Improper installation, such as not having the clutch line fully engaged in the bleeder block before installing the retaining clips or spreading the clips too far apart could cause the retaining clip to be deformed and have a loose fit. A deformed retaining clip from improper installation could cause the clip to fall off the bleeder block allowing a clutch line to come loose. Ensure the the clips are installed with the lines fully engaged in the bleeder block and resistance can be felt during installation.





drtechy said:


> Been wondering this for a while lol. I actually bought one but haven't put it on yet. I probably will this weekend. I'll post up what I notice.

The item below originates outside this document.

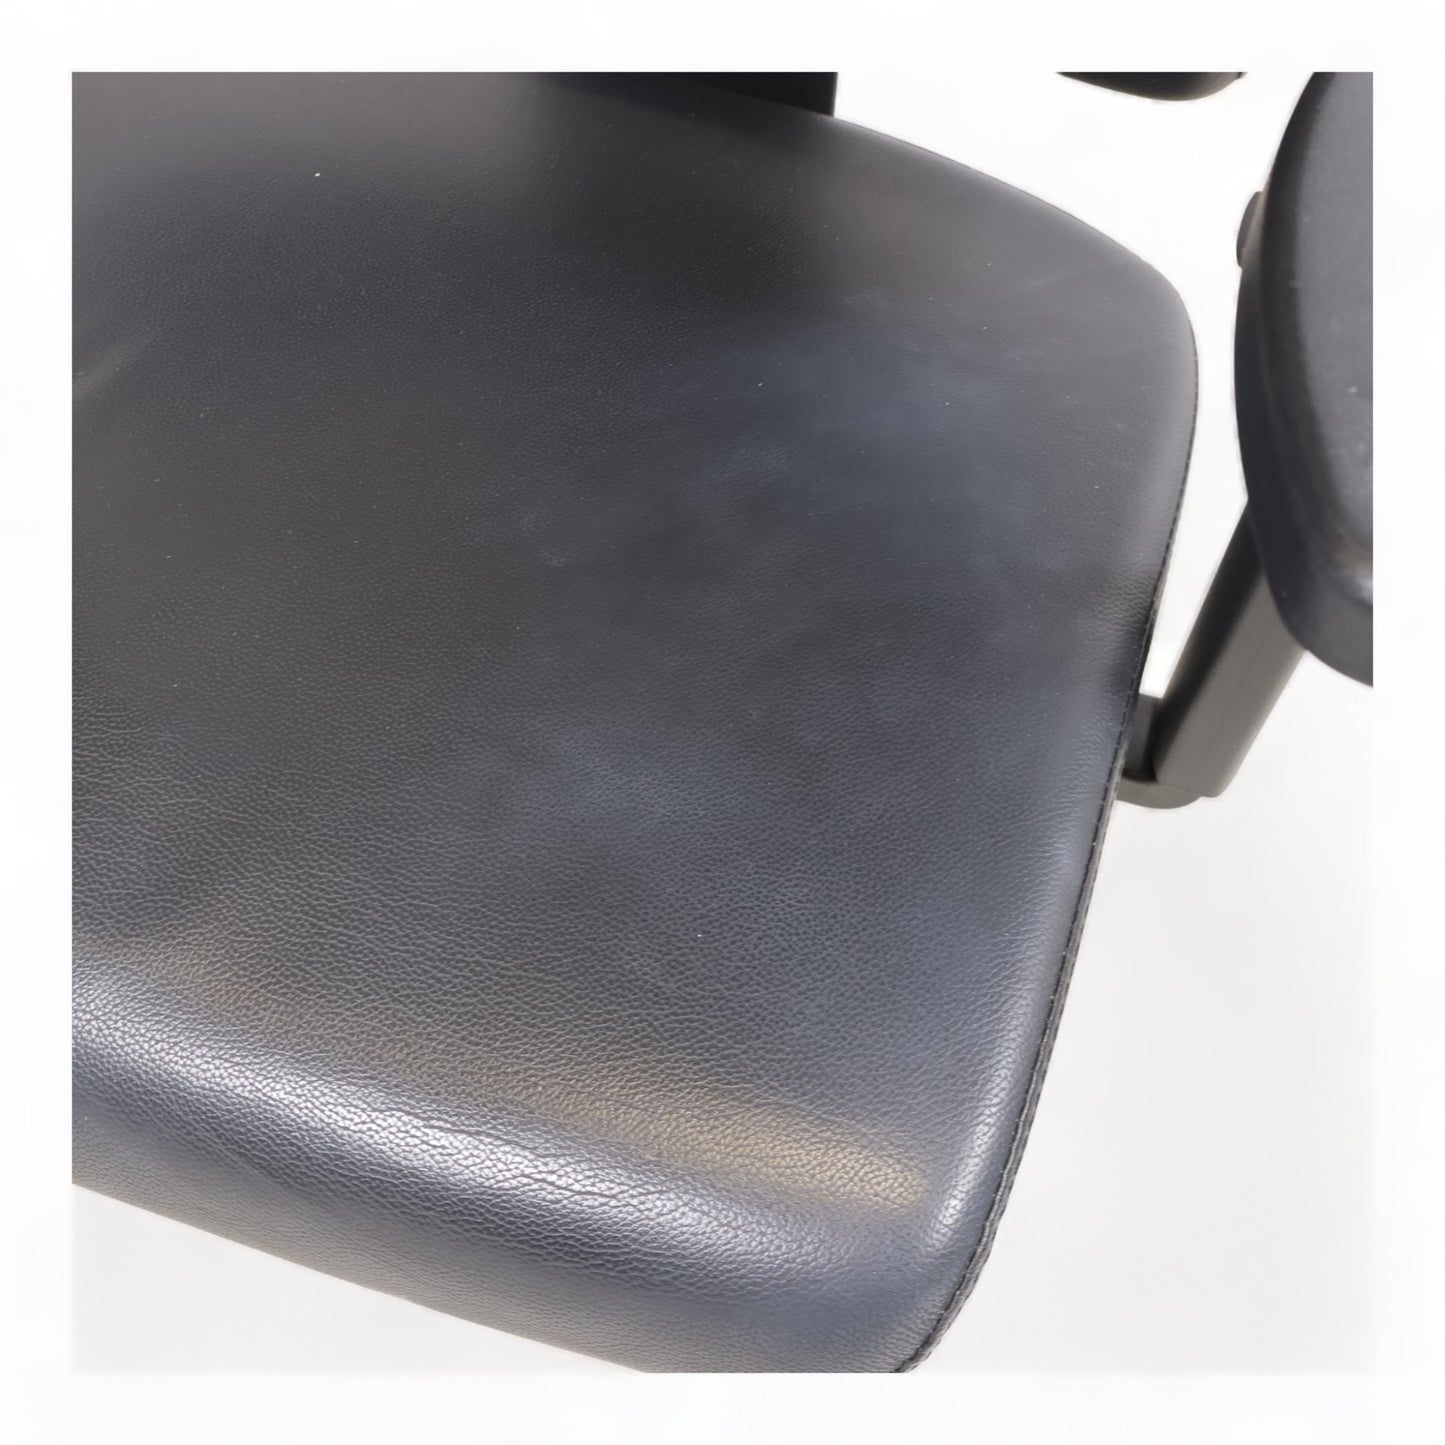 Nyrenset | Sort kontorstol i skinn med høy rygg og nakkestøtte

Thanks for the order looking forward to hearing your review! :thumbup:


Andy


----------



## drtechy (Jun 3, 2009)

Finally installed this today. I have a clutch masters fx400 clutch so I'm not sure how my review would help for those with a stock clutch. With that said, if you've got an aftermarket clutch I would recommend this. 5 minutes to install and it makes a great difference in the pedal feel. Much more direct now, and I can actually tell when it will grab. Due to that reduction in the stock one, I was always second guessing when it would actually grab since I could really feel the reduction in the stock block. Now its a nice smooth motion! Great product ECS!


----------



## ECS Tuning (Oct 2, 2006)

drtechy said:


> Finally installed this today. I have a clutch masters fx400 clutch so I'm not sure how my review would help for those with a stock clutch. With that said, if you've got an aftermarket clutch I would recommend this. 5 minutes to install and it makes a great difference in the pedal feel. Much more direct now, and I can actually tell when it will grab. Due to that reduction in the stock one, I was always second guessing when it would actually grab since I could really feel the reduction in the stock block. Now its a nice smooth motion! Great product ECS!


 Thanks for the feedback - Enjoy!  

Andy


----------